Around that time, Mr. May fell in love with a beautiful young Inuit woman named Nancy . Their first encounter had occurred years earlier, on one his first Arctic voyages, when his ship had stopped at Port Burwell on the northern tip of Quebec. Among the youngsters who greeted the visitors was a young girl whom he thought very striking. He offered what would have been a big treat in that time and place – a stick of gum. 

Several years later, he moved to the post at Kangirsualujjuaq, where he asked around for a reliable cook.  Arrangements were made to hire Jeannie Annanak, and she arrived with her daughter. It was the same beautiful girl he had given the gum to so many years before. It was love at second sight. 

At the time, HBC rules for bade employees from marrying Inuit, but he was defiant. Mr. May stood his ground and said he would marry Nancy or quit. He got his way and, over the years, they lived at a series of HBC posts in the Eastern Arctic, all the while raising eight children. 

Life could be dangerous, even for the family of an HBC manager. Twice, Mr. May had to cross Ungava Bay by boat to save the lives of his own children. 

In 1950, four-year-old Johnny developed a severe infection from a dislocated shoulder. The crossing took two days,
through early winter ice, in a small fishing boat with a single-cylinder engine. Reaching the other side, they found a US Air Force plane that rushed the boy first to Goose Bay, Labrador, and then to Montreal for surgery. 

In 1959, his oldest daughter, Mary, was hit in the jaw by ricocheting shotgun pellets. Mr. May bundled her in blankets, placed her in the bow of a canoe powered by a small outboard motor and again set off across Ungava Bay in rough water and stiff winds. The trip to the hospital at Kuujjuaq took 11 hours. Mary was given immediate attention and soon fully recovered.

All the while, Mr.
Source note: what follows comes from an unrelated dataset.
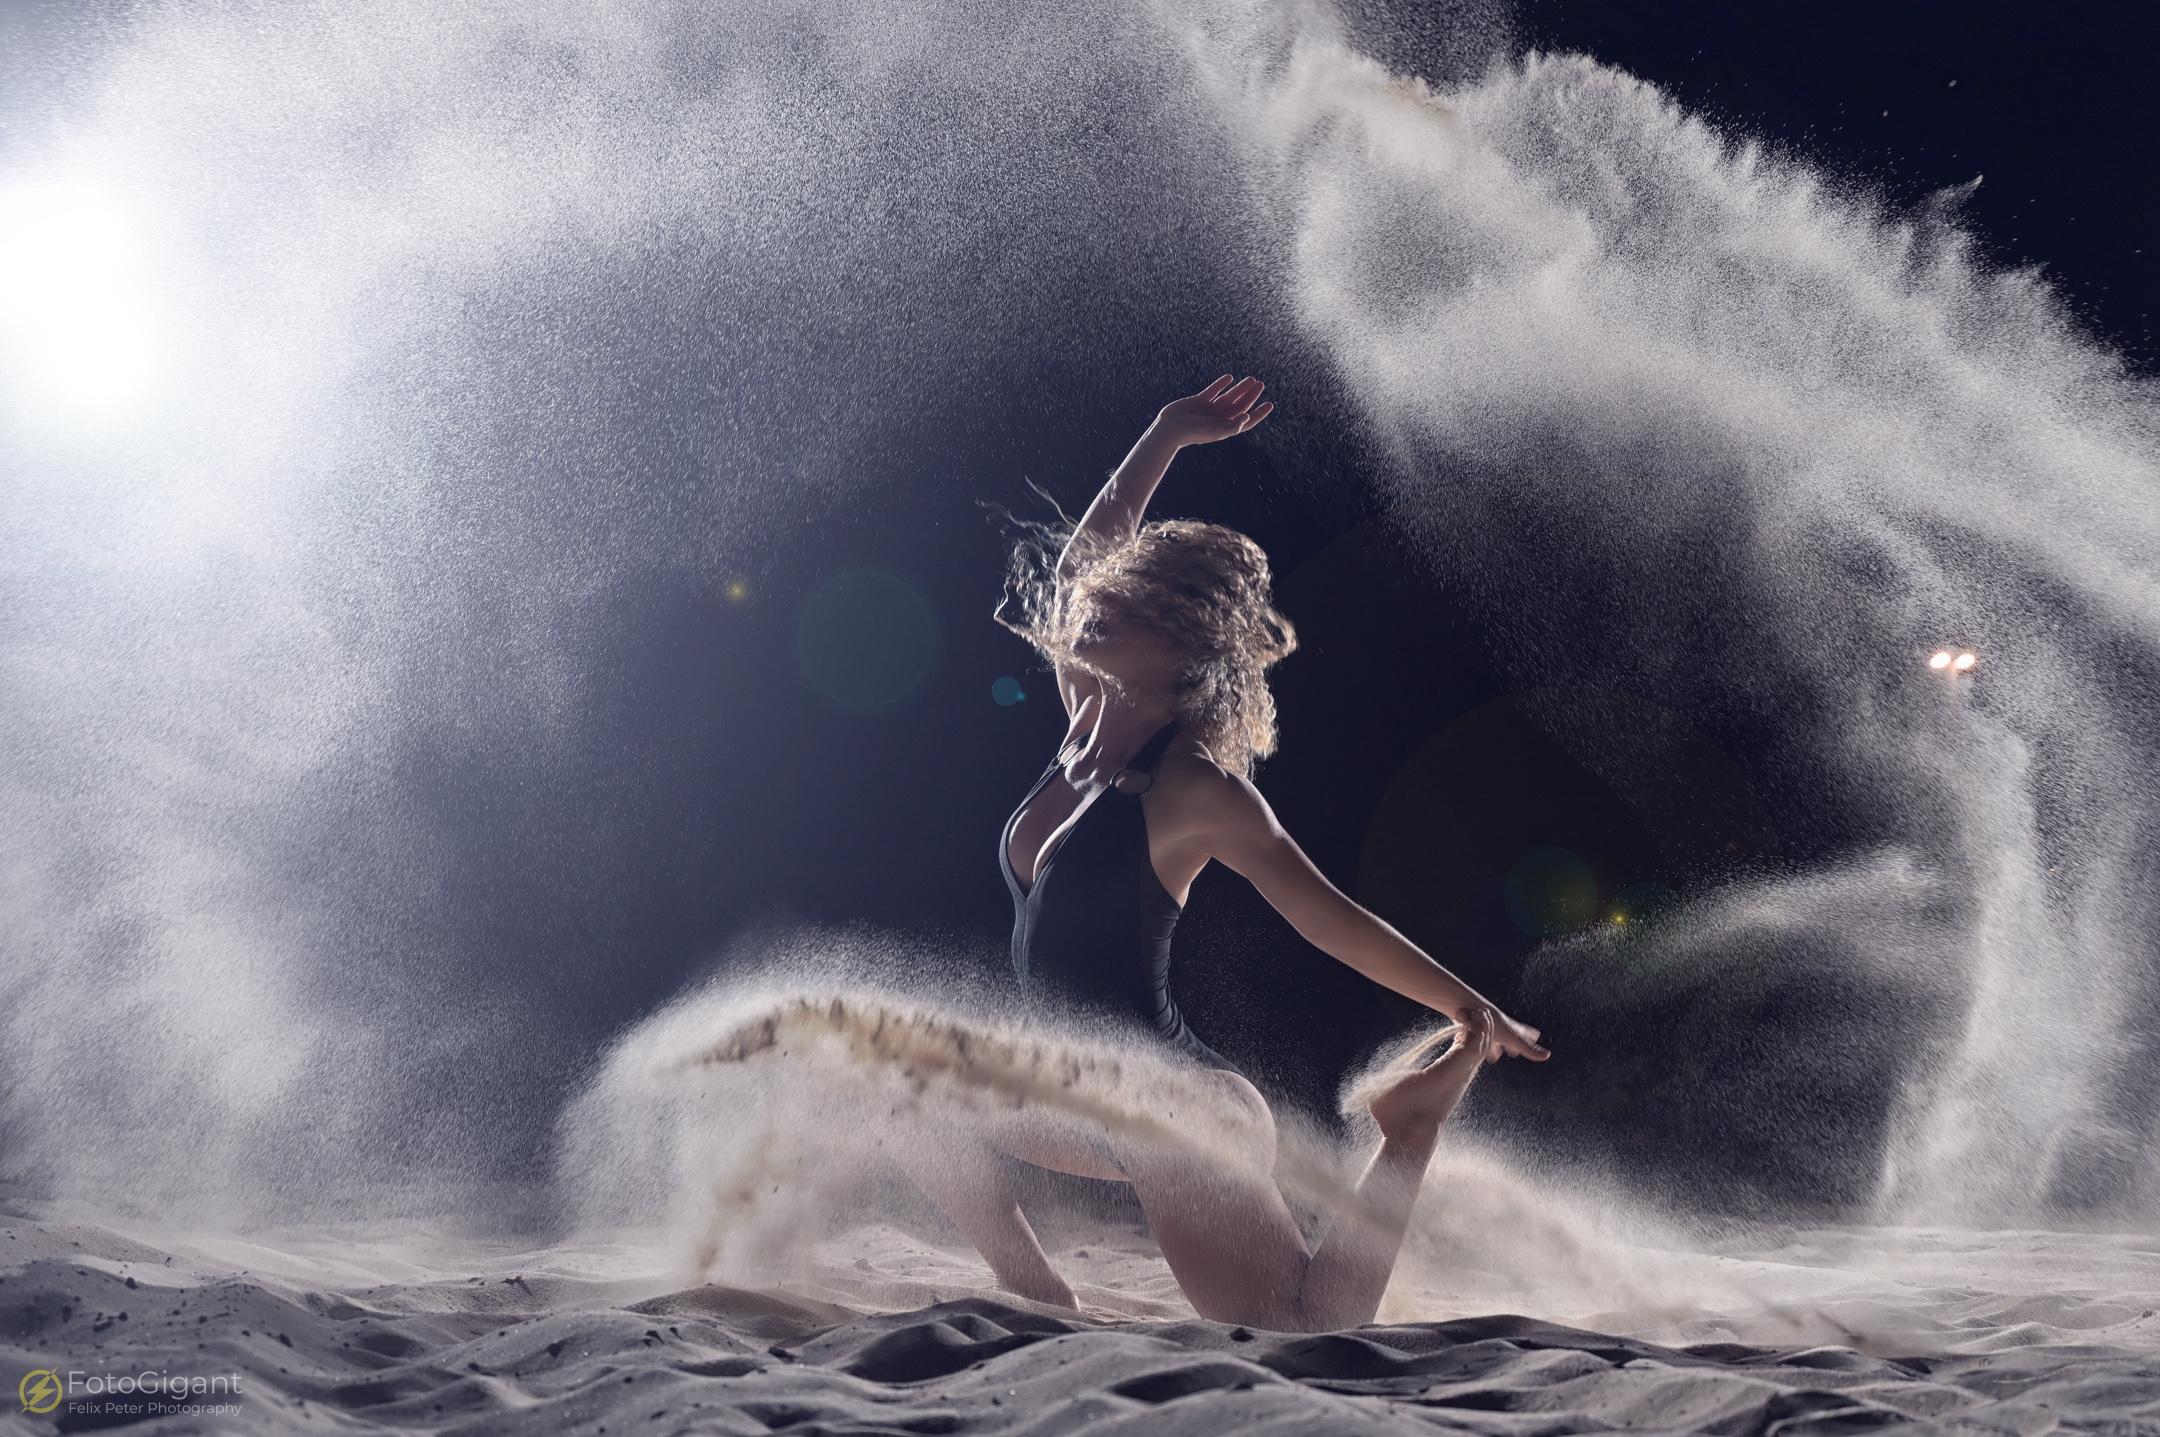 Sand-Flour-Mehl-Shooting_3.jpg
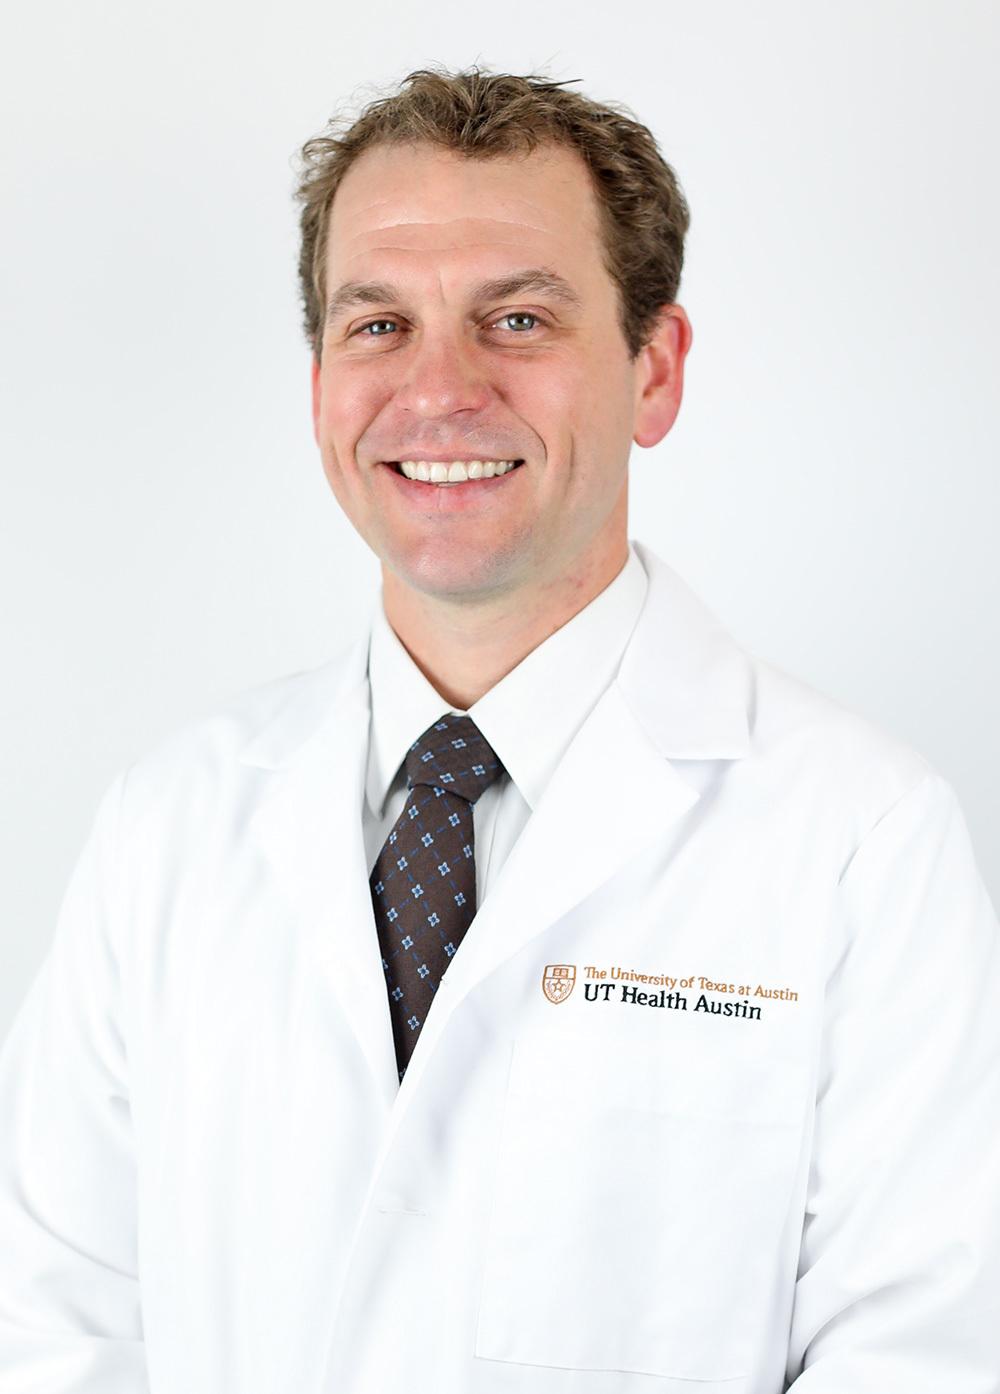 Garrett Key at UT Health Austin

May hunted and trapped to supplement the family larder. His diaries concentrate mostly on insights
into daily life and record such events as the freeze and breakup of the George River each season between 1943 and
1953. He also jotted down the number and species of animals trapped or shot to feed the family and his sled dogs: "153 seals; 96 caribou and more than 5,000 ptarmigan." He paid careful attention to weather, and noted whether the children played outdoors. Generally, they did – even at -30. 

Most of his accounts were brief: "Shot three seals – three foxes in the traps ... new addition to the family – a girl. Nancy is fine." 

Eventually, however, the HBC sought to transfer the family south into what Mr. May called "Indian country," which he
knew would not be the life for Nancy. He decided to leave the company, although the parting was on excellent terms. 

All at once, he had to find some other way to support his family. By then it was the early 1960s, and demand had
developed for tourist outfitters and facilities. The Mays built Pyramid Mountain Fishing and Hunting Camp about 150
kilometres upstream from Ungava Bay on the spectacular George River. 

Beginning in the spring of 1960, the family spent a year in the bush living on their land and preparing the lodge. Mr. May built a small log cabin for Nancy, himself and the younger children. The older children and their grandmother lived alongside in a tent. 

It was a lonely Christmas that year, "so far away from civilization that even Santa couldn't find us," daughter Mary recalled. Christmas morning arrived without presents, but her father strangely insisted on going out about once an hour to walk in a big circle on the frozen river. 

Finally around noon, he said: "Listen, do you hear it?" They rushed outside in the cold and looked skyward to see a small single-engine bush plane. It circled and then landed. To the children's joy and surprise, the pilot was Phil LaRiviere, an old family friend. He stepped out of the plane laden with presents, fresh oranges and candy for all. Mr. May had made the arrangements months earlier; his hourly treks in the snow were to show his friend where to land . 

In the 1950s and 1960s, schooling presented unique northern challenges for the Mays. At one point, they moved the family to Kuujjuaq so that the children could attend primary school. Beyond Grade 7, however, there were only boarding schools and, because he was white, the government excluded his children from the education system of the day – the now-controversial residential schools. 

Instead, the Mays relied on home schooling and correspondence courses. Although money was tight, Mr. May
managed to send each child to high school in Colorado for one or two years. His parents had relocated there with their insect collection in the 1940s and opened the May Natural History Museum, which is still a major attraction in Colorado Springs. 

Through the years, the Mays instilled both Inuit and Qallunaq cultures into the children. He always spoke English to them; Nancy spoke only Inuktitut. Occasions were always observed in the proper cultural context. Thanksgiving and Christmas were turkey dinners, with all proper etiquette honoured . Inuit traditions, such as eating a seal – correct only when done sitting on the floor – were equally respected. 

The children all became successful in their own fields. Johnny and Billy are well-known bush pilots. Peter is a biological technician, guide and businessman. Bobby is a video producer and director. Madge Pomerleau is the executive director of the regional hospital in Kuujjuaq . Sarah Tagoona is executive director of the women's shelter in Kuujjuaq. Annie Probert is a consultant and former executive director of the regional school board in northern Quebec. And oldest daughter Mary Simon is a former Canadian ambassador to Denmark and current president of Inuit Tapiiriit Kanatami , the national organization representing Inuit people. 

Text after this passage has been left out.